START Records to use
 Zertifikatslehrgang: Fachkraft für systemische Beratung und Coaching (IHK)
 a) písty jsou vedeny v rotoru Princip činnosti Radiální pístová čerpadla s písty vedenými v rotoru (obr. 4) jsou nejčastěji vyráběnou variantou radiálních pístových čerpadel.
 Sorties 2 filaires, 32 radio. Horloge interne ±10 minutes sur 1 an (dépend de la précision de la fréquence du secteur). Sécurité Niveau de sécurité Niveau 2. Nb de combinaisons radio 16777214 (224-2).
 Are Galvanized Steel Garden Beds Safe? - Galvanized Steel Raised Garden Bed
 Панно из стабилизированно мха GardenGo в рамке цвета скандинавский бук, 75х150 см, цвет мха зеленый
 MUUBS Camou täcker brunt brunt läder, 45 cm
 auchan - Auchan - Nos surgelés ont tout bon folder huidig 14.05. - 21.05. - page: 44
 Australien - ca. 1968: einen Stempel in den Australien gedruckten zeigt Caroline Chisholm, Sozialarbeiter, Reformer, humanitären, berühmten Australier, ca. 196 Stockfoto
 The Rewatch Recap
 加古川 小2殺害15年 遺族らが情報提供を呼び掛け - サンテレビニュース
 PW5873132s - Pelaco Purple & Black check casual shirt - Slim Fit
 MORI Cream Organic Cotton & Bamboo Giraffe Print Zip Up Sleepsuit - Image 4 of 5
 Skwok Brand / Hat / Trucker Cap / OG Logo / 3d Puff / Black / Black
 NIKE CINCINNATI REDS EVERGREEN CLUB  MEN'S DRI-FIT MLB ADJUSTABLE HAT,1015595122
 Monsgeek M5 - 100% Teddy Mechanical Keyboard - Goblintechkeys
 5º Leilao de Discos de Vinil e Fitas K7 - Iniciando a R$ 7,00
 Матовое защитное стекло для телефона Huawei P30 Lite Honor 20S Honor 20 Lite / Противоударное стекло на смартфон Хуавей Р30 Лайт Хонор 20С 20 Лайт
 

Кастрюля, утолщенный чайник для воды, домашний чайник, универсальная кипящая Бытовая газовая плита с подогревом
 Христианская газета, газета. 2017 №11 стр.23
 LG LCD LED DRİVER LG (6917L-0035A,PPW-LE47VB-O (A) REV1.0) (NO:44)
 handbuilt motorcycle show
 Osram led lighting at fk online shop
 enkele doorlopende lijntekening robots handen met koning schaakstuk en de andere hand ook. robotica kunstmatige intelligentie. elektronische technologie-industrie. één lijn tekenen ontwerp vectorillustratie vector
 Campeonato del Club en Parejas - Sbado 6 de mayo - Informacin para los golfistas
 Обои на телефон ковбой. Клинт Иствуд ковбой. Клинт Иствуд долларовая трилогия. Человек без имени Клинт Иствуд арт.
END Records to use
▶ **Your task**:
Start with the first line. Please copy exactly each line of the listing through the one with "Христианская газета, газета. 2017 №11 стр.23", including it.

▶ **Exercise output**:
 Zertifikatslehrgang: Fachkraft für systemische Beratung und Coaching (IHK)
 a) písty jsou vedeny v rotoru Princip činnosti Radiální pístová čerpadla s písty vedenými v rotoru (obr. 4) jsou nejčastěji vyráběnou variantou radiálních pístových čerpadel.
 Sorties 2 filaires, 32 radio. Horloge interne ±10 minutes sur 1 an (dépend de la précision de la fréquence du secteur). Sécurité Niveau de sécurité Niveau 2. Nb de combinaisons radio 16777214 (224-2).
 Are Galvanized Steel Garden Beds Safe? - Galvanized Steel Raised Garden Bed
 Панно из стабилизированно мха GardenGo в рамке цвета скандинавский бук, 75х150 см, цвет мха зеленый
 MUUBS Camou täcker brunt brunt läder, 45 cm
 auchan - Auchan - Nos surgelés ont tout bon folder huidig 14.05. - 21.05. - page: 44
 Australien - ca. 1968: einen Stempel in den Australien gedruckten zeigt Caroline Chisholm, Sozialarbeiter, Reformer, humanitären, berühmten Australier, ca. 196 Stockfoto
 The Rewatch Recap
 加古川 小2殺害15年 遺族らが情報提供を呼び掛け - サンテレビニュース
 PW5873132s - Pelaco Purple & Black check casual shirt - Slim Fit
 MORI Cream Organic Cotton & Bamboo Giraffe Print Zip Up Sleepsuit - Image 4 of 5
 Skwok Brand / Hat / Trucker Cap / OG Logo / 3d Puff / Black / Black
 NIKE CINCINNATI REDS EVERGREEN CLUB  MEN'S DRI-FIT MLB ADJUSTABLE HAT,1015595122
 Monsgeek M5 - 100% Teddy Mechanical Keyboard - Goblintechkeys
 5º Leilao de Discos de Vinil e Fitas K7 - Iniciando a R$ 7,00
 Матовое защитное стекло для телефона Huawei P30 Lite Honor 20S Honor 20 Lite / Противоударное стекло на смартфон Хуавей Р30 Лайт Хонор 20С 20 Лайт
 

Кастрюля, утолщенный чайник для воды, домашний чайник, универсальная кипящая Бытовая газовая плита с подогревом
 Христианская газета, газета. 2017 №11 стр.23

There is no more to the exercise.